RFR: JDK-8160350 cannot truss jdk9 [solaris]

Fri Jul 1 20:32:30 UTC 2016

 > I'm leaning towards switching back to the V1 of the patch which just
 > fixes the Solaris issue, and in addition logging another bug which
 > covers the larger cross-platform issues. That seems like the lowest-risk
 > approach whist still fixing a problem on Solaris that *absolutely* needs
 > to be addressed, but I'll welcome any advice.

Vote: Use JDK-8160350 to fix Solaris and file a new bug for the
     larger cross-platform issues.

Dan

On 7/1/16 2:31 PM, Alan Burlison wrote:
> On 01/07/2016 20:44, Kim Barrett wrote:
>
>> This doesn't look right to me.
>>
>> The BSD implementation of os::elapsedVTime presently just calls
>> elapsedTime, with a comment "better than nothing, but not much".  I
>> think it's worse than nothing, and should actually fail, with
>> os::supports_vtime returning false for this platform. Similarly,
>> elapsedVtime on some other platforms falls back to elapsedTime, which
>> I suspect is a mistake.
>
> I think os::elapsedVTime() is right on Windows, AIX, Solaris and 
> Linux, and could be made right on OSX as well if the Mach APIs were 
> used, and on FreeBSD it could use getrusage().
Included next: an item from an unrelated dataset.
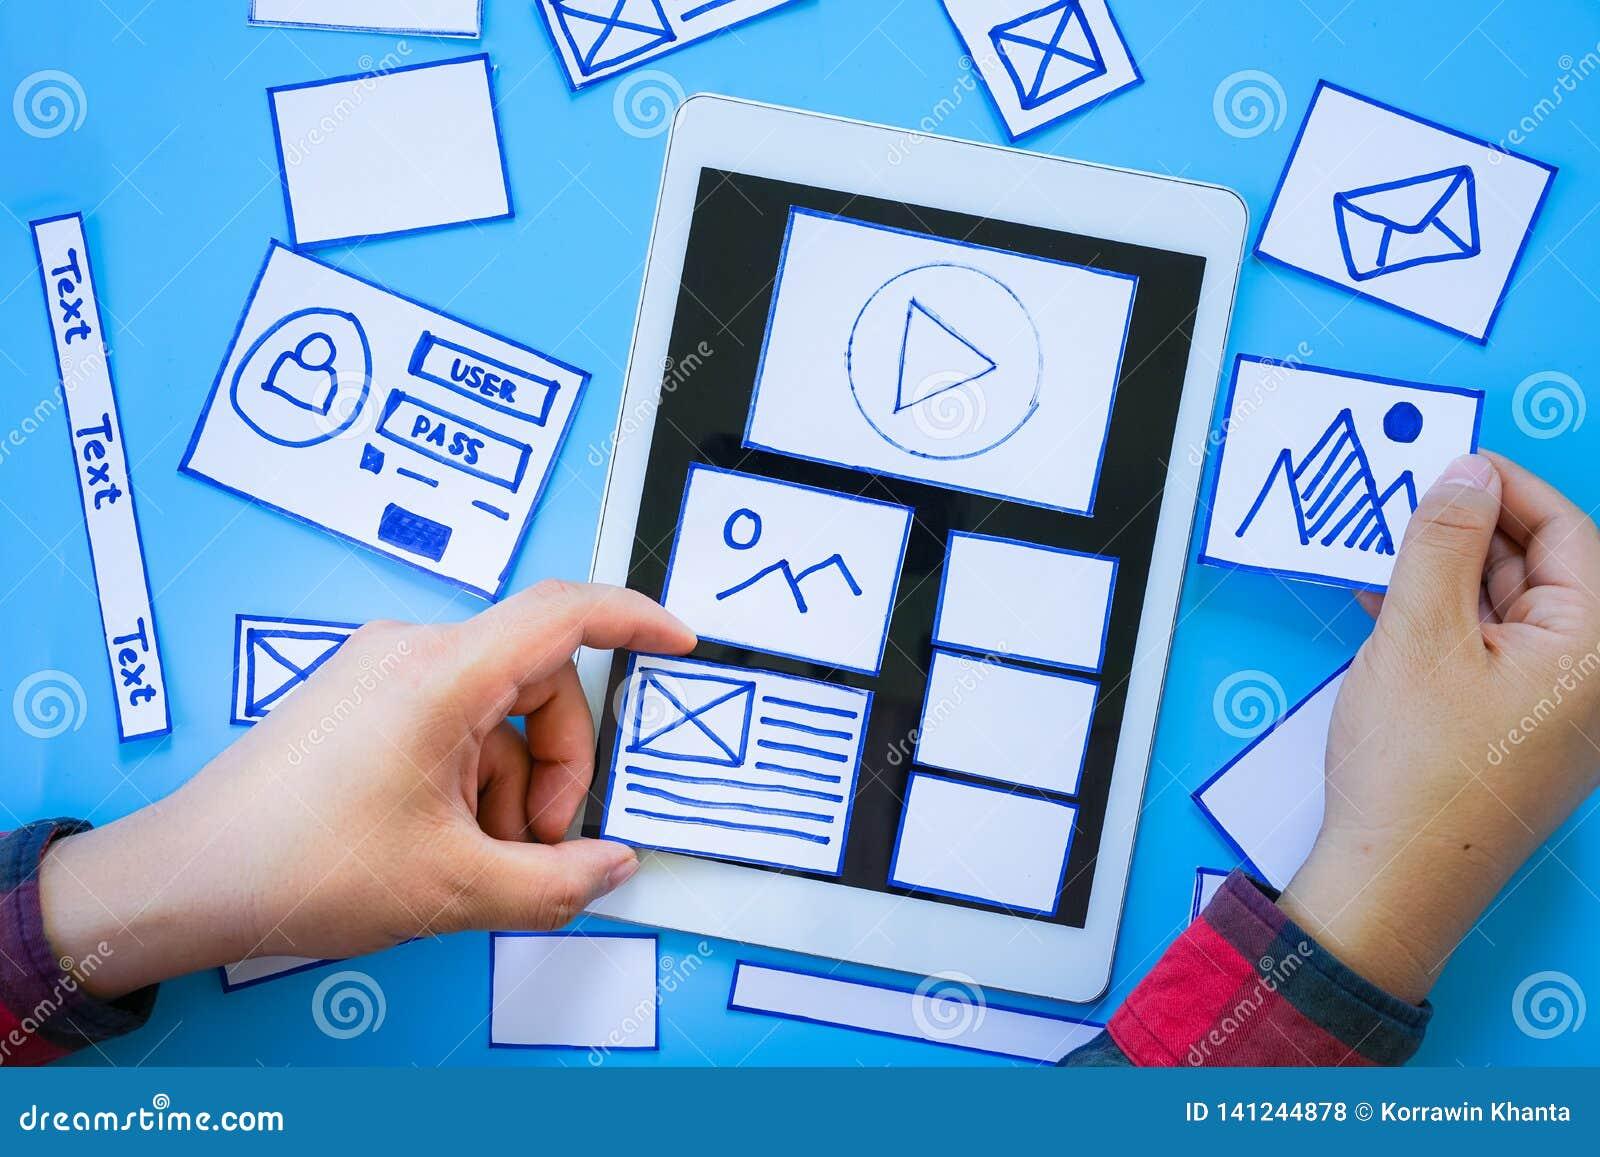 De creatieve mobiele ontvankelijke sorterende wireframe schermen van de websiteontwerper van mobiel de ontwikkelingsprototype van

I think the problem is 
> the other BSDs, I couldn't find anything suitable to use for those.
>
> And I agree the fallback to elapsedTime() also seems suspect as it's 
> only ever done if the vtime mechanism for a given platform fails. If 
> there was ever a transient failure and elapsedVTime() switched between 
> vtime and elapsed time, you'd get some *very* bizarre values.
>
>> The problem is that the way one deals with vtime is different from the
>> way one deals with elapsedTime values.  The predicate is needed so
>> that code that wants to use vtime if available can be properly written
>> to fall back to something else when it's not.  (Note that I think
>> there might be bugs in how G1 is attempting to do that in some
>> places.)
>
> I agree what's there at present is a bit of a mess, which is why the 
> first version of the patch (attached to the bug) just addressed the 
> Solaris issue that caused truss to fail - that *definitely* needs 
> fixing as it will cause a significant observability issue on Solaris.
>
>> I have a note to self to look into this and probably report some bugs,
>> but haven't gotten around to doing so.
>>
>> So while we might no longer need os::enable_vtime and
>> os::vtime_enabled, I think getting rid of os::supports_vtime isn't
>> right.
>
> Two main options seem feasible:
>
> 1. Revert to the V1 patch which just fixes the Solaris issue and 
> leaves everything else alone.
>
> 2. Respin the V2 patch and leave os::supports_vtime() in place, and 
> the two calls to it (from g1CollectedHeap.cpp and 
> g1YoungRemSetSamplingThread.cpp). Remove os::enable_vtime() and 
> os::vtime_enabled().
>
> For #2 we could in addition change BSD code so it returns the correct 
> value from os::supports_vtime() (false) but I'm cautious about doing 
> that as it would start using a new codepath that hasn't previously 
> been exercised.
>
> Also for #2 we could remove the fallback code, the question being what 
> to replace it with? Returning 0 could potentially cause the generation 
> of negative values elsewhere, if the call to os::elapsedVTime() had 
> previously succeeded.
>
>> OTOH, the present usage of vtime is quite limited.  As noted, it's
>> only used by G1, and there I think only for some logging / stats
>> reporting.  Maybe we don't really need it at all?  I don't have an
>> opinion on that, but other folks in the GC team (at least) might.
>
> Who should we ask for a GC opinion?
>
> I'm leaning towards switching back to the V1 of the patch which just 
> fixes the Solaris issue, and in addition logging another bug which 
> covers the larger cross-platform issues. That seems like the 
> lowest-risk approach whist still fixing a problem on Solaris that 
> *absolutely* needs to be addressed, but I'll welcome any advice.
>
> Thanks,
>